Die Neo-Nazis selber weichen bei öffentlichen Veranstaltungen auf andere Zeichen aus und entwickeln neue Codes. Deswegen Pullover der Marke “Lonsdale” nicht mehr zu verkaufen, ist genauso blöde wie die Idee, “Böhse Onkelz” nicht im Radio zu spielen. Symbolische Zeichen sind jederzeit problemlos durch andere austauschbar. Im Zweifelsfall weicht man auf etablierte Zeichen aus: Wer wird die “88” verbieten wollen?

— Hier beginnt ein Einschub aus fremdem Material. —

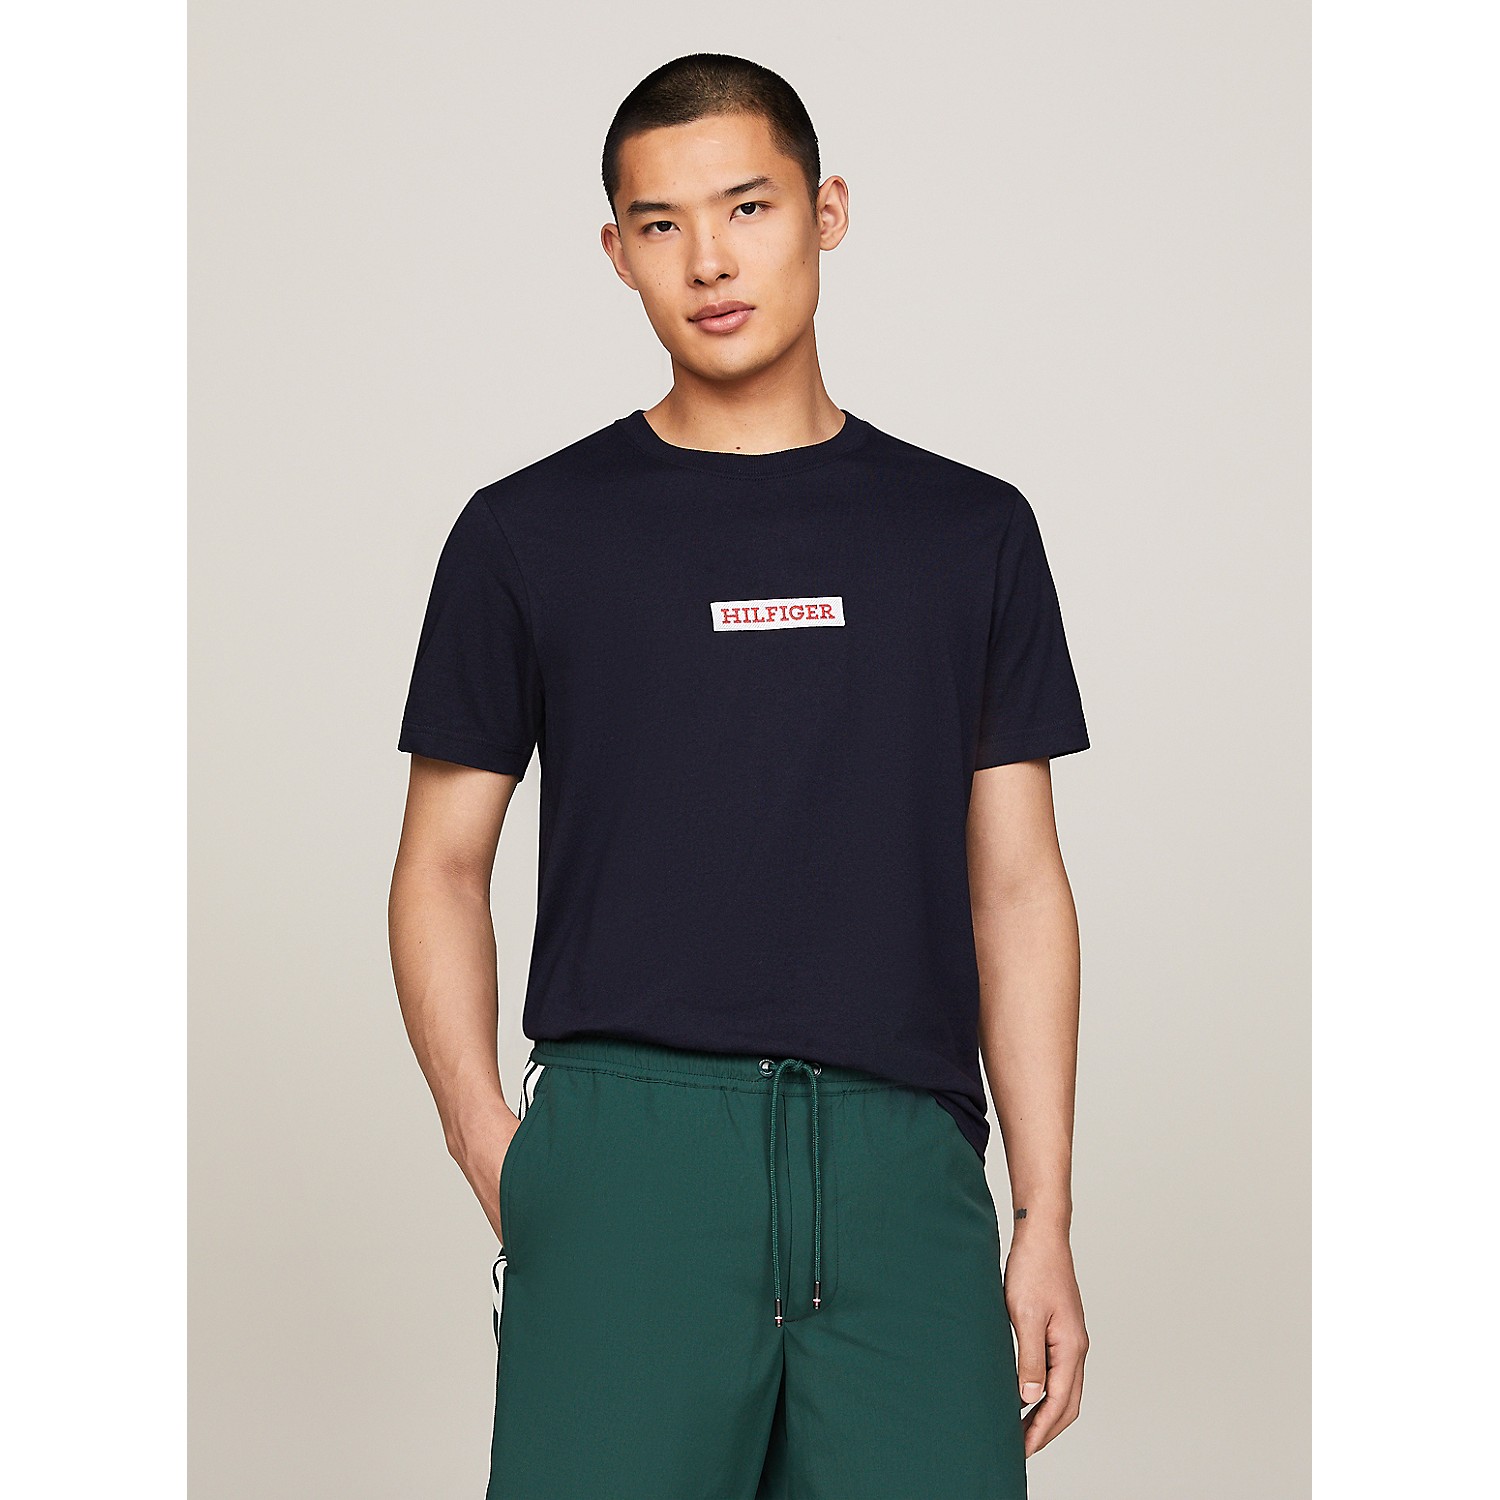 TOMMY HILFIGER Monotype Patch T-Shirt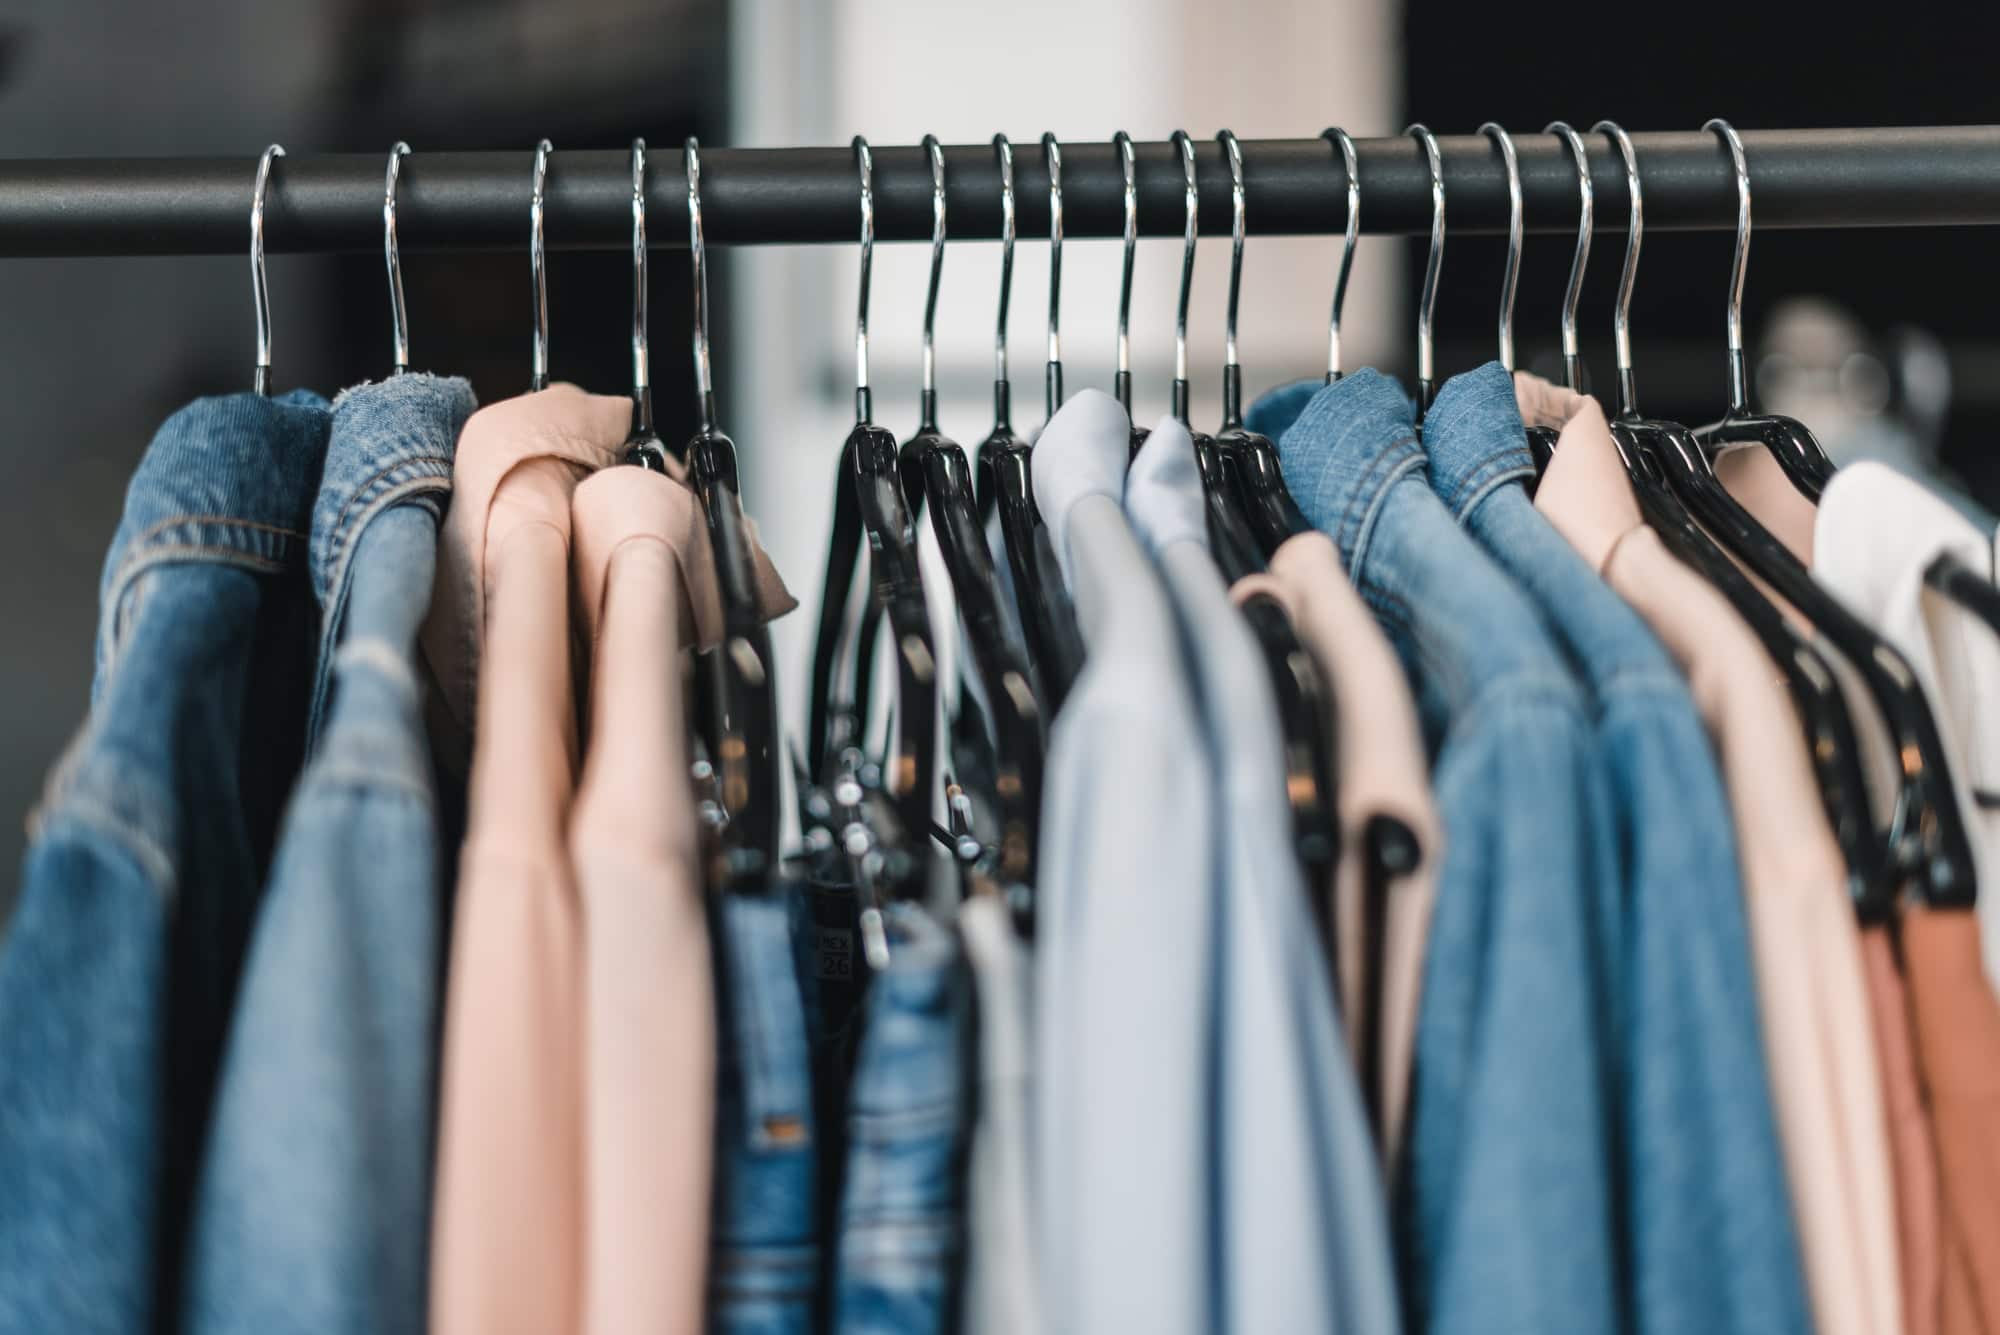 27 Best Consignment Stores Near Me And Online To Make Money

Nazi-SymbolikPrinzipiell ist jedes Zeichen umdeutbar. Selbst das fragliche Swastika-Symbol ist in seiner Geschichte, nicht zuletzt durch die Nazis, in seiner Bedeutung verändert worden. Karl Arnold, der Zeichner der linksseitigen Karikatur, hatte 1925 gewiss noch andere Vorstellungen vom Hakenkreuz als wir heute.

Das Paradoxe am aktuellen Fall ist aber nicht einmal, das man Nazi-Zeichen verbieten will, was unmöglich ist, sondern antinazistische Symbole mit drakonischen Strafen sanktioniert, indem man sie so behandelt, als wären sie nazistische Symbole. Da ist akute Nachhilfe in Semiotik angesagt, liebe Juristen.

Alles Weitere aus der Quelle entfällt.